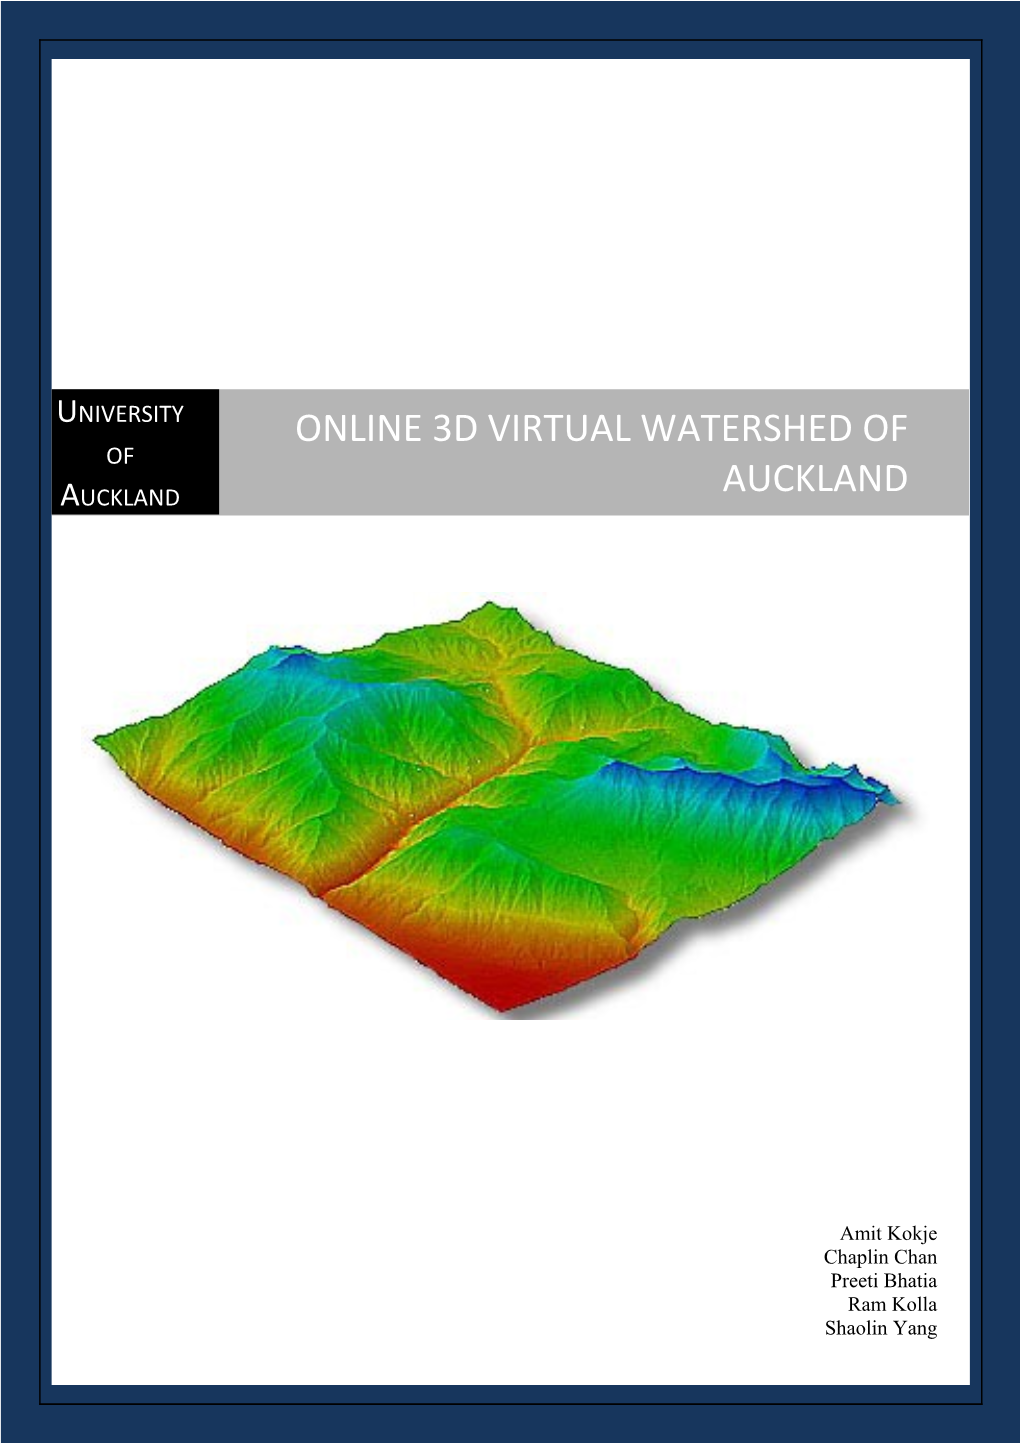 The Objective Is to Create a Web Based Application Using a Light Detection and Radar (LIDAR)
==
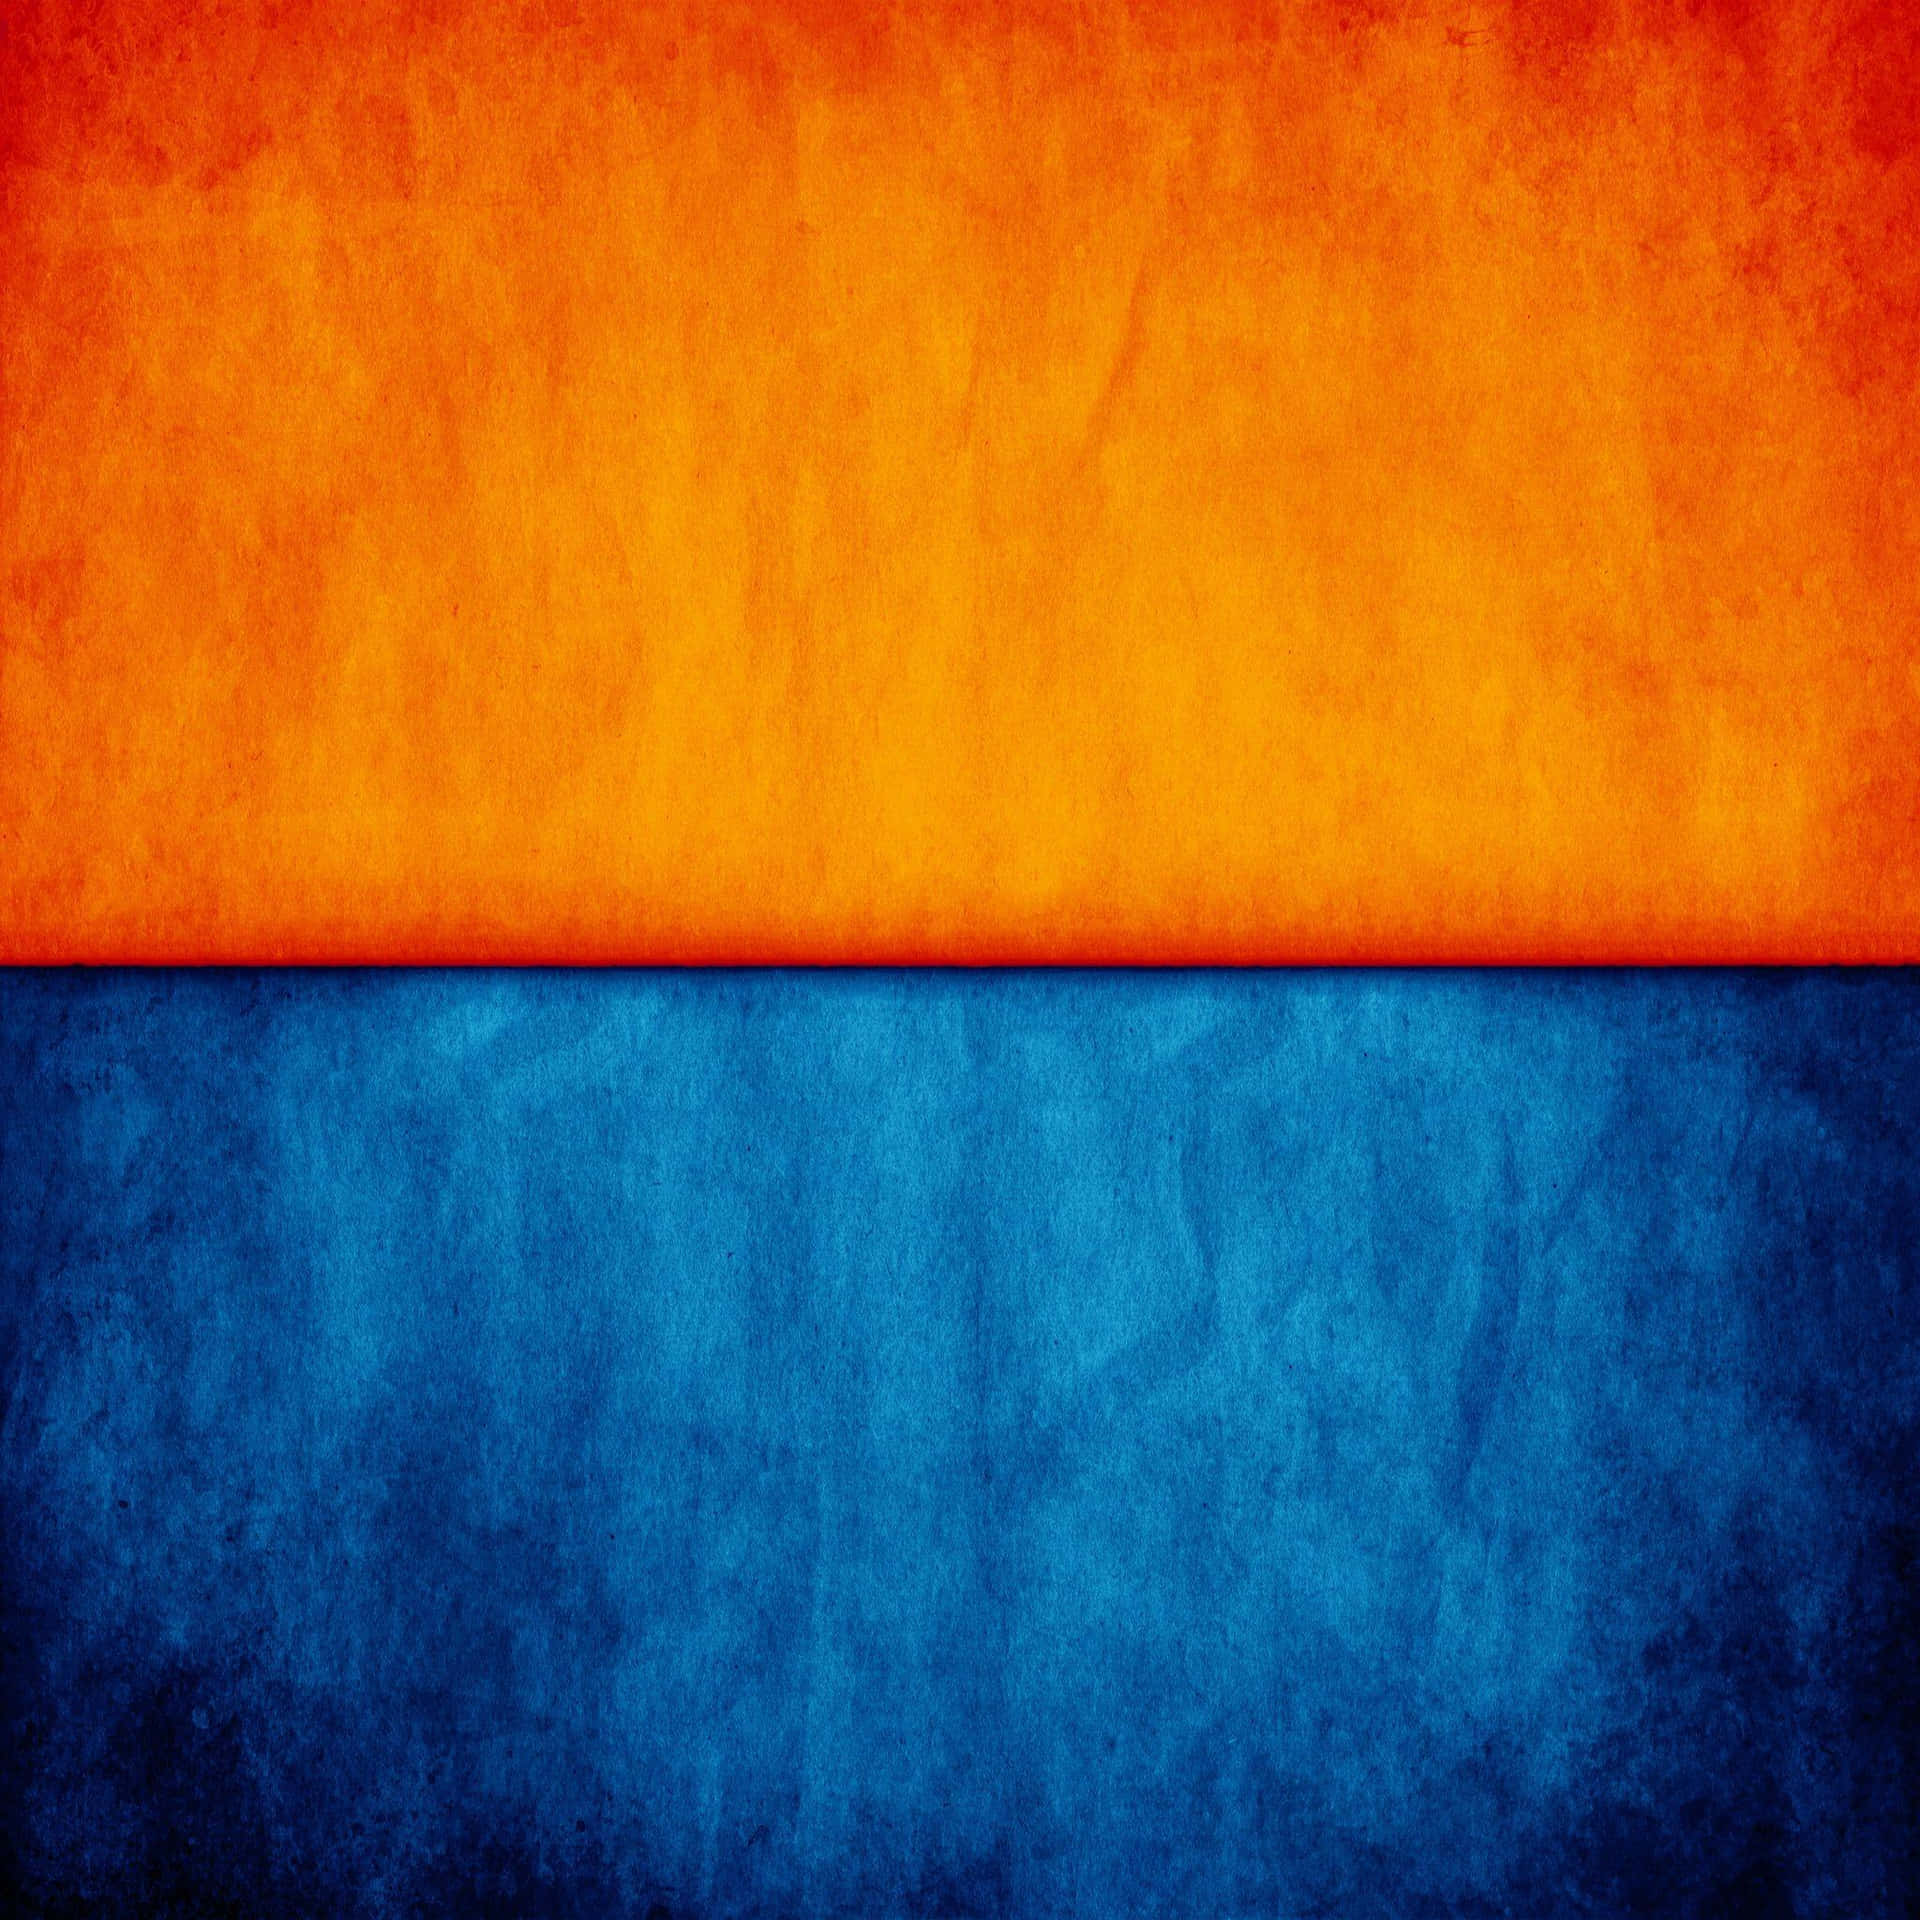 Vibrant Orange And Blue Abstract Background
--
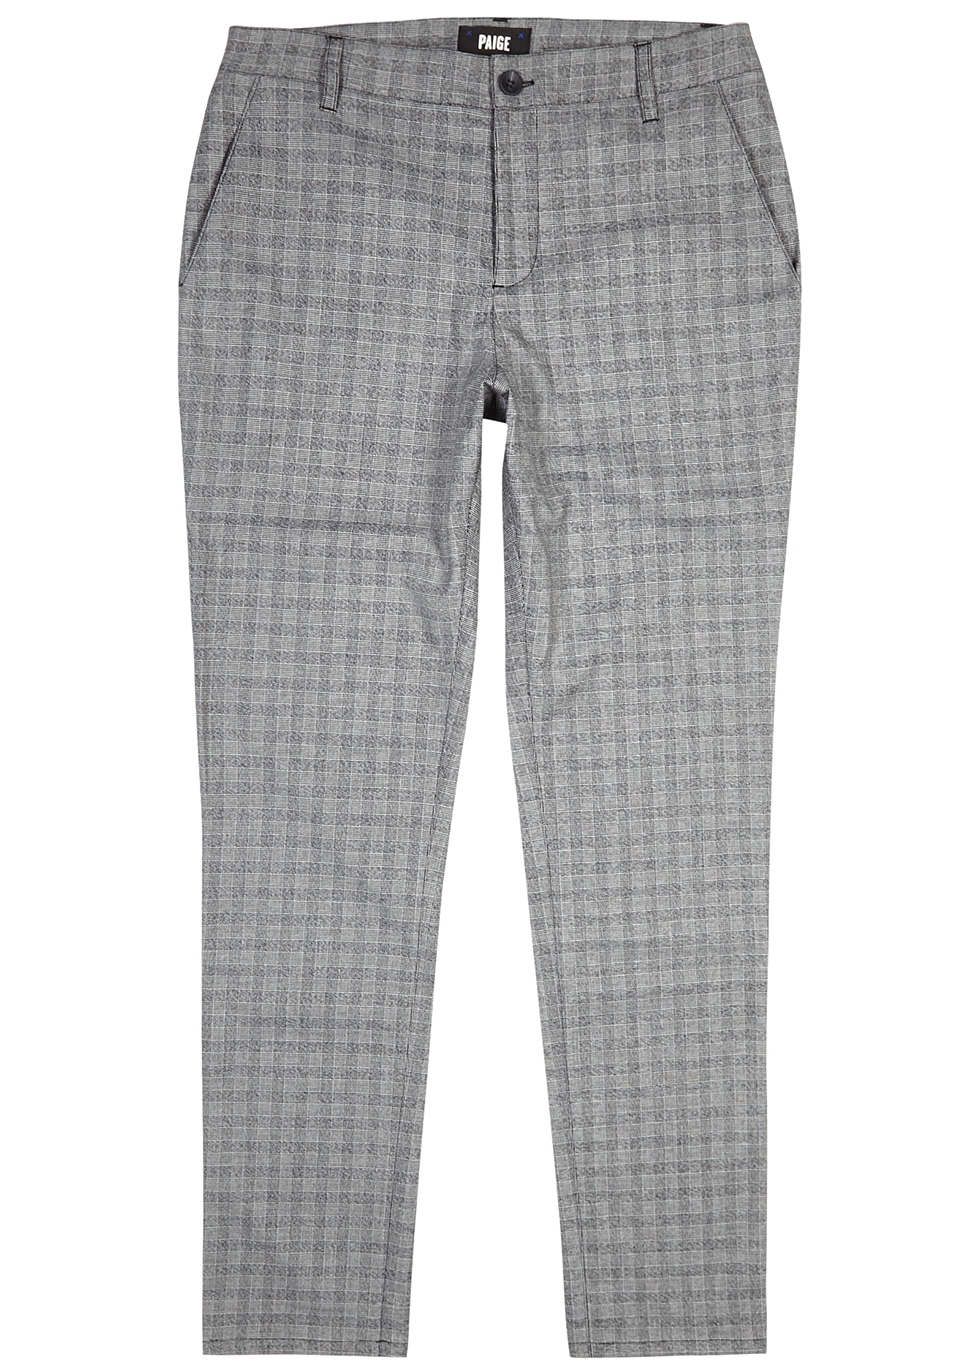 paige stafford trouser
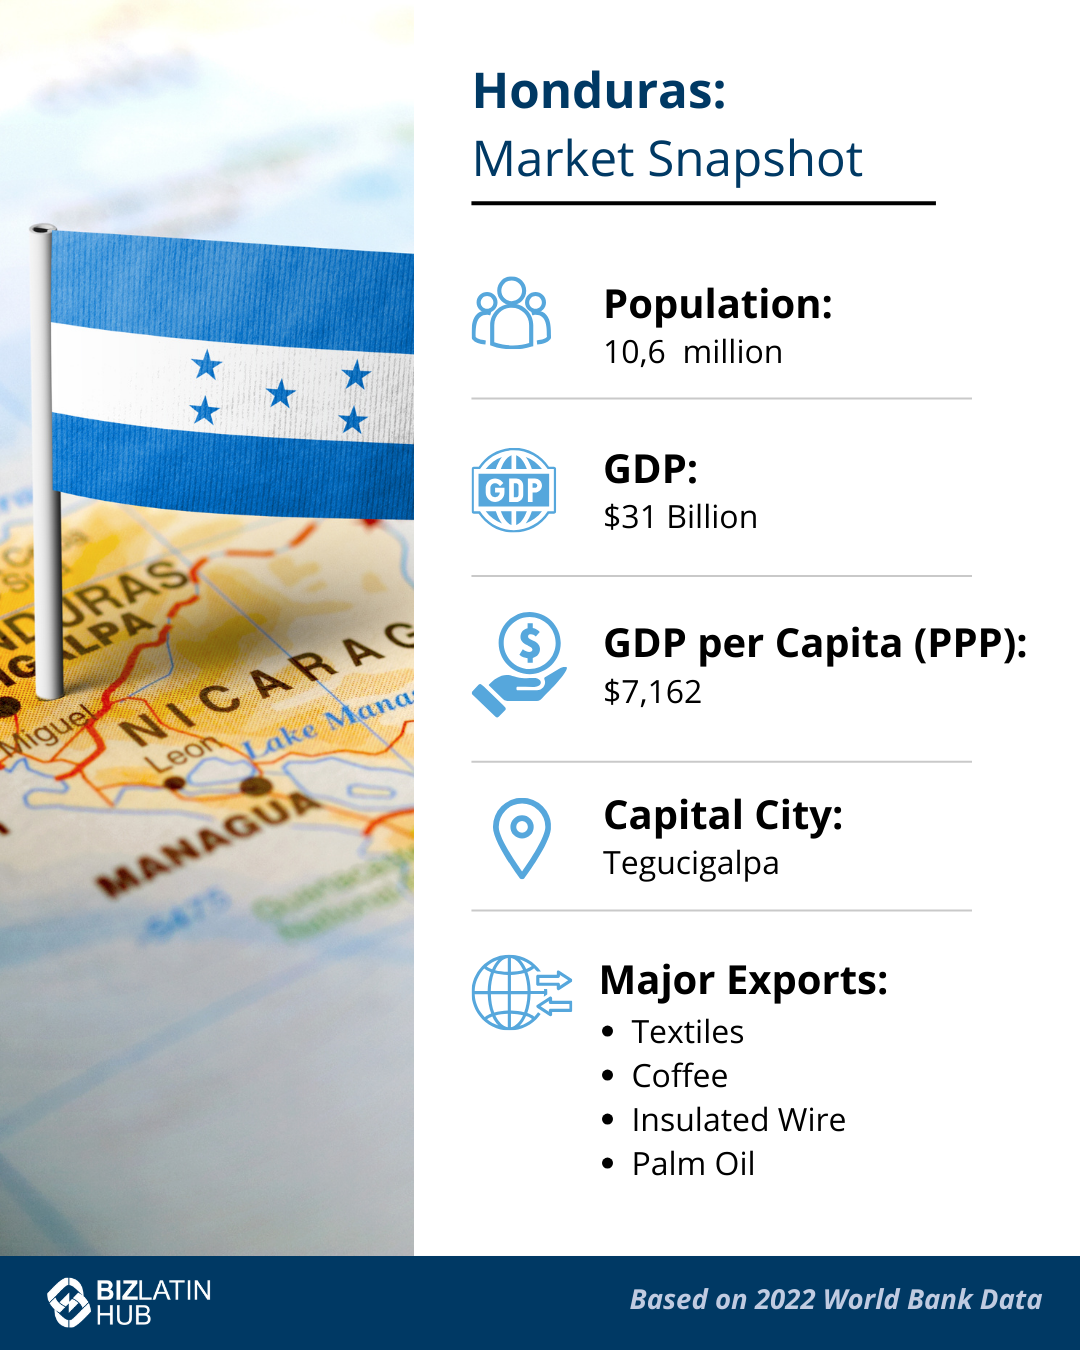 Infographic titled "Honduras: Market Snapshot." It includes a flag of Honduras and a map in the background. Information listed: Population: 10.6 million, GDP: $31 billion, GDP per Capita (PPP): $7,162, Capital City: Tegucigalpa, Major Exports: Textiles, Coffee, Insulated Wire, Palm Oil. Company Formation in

- **How to complete this task**: Leave out the images and write out the lines above exactly, from the one with "paige stafford trouser" up to and including the one with "Company Formation in".

- **Answer**:
 paige stafford trouser
 Infographic titled "Honduras: Market Snapshot." It includes a flag of Honduras and a map in the background. Information listed: Population: 10.6 million, GDP: $31 billion, GDP per Capita (PPP): $7,162, Capital City: Tegucigalpa, Major Exports: Textiles, Coffee, Insulated Wire, Palm Oil. Company Formation in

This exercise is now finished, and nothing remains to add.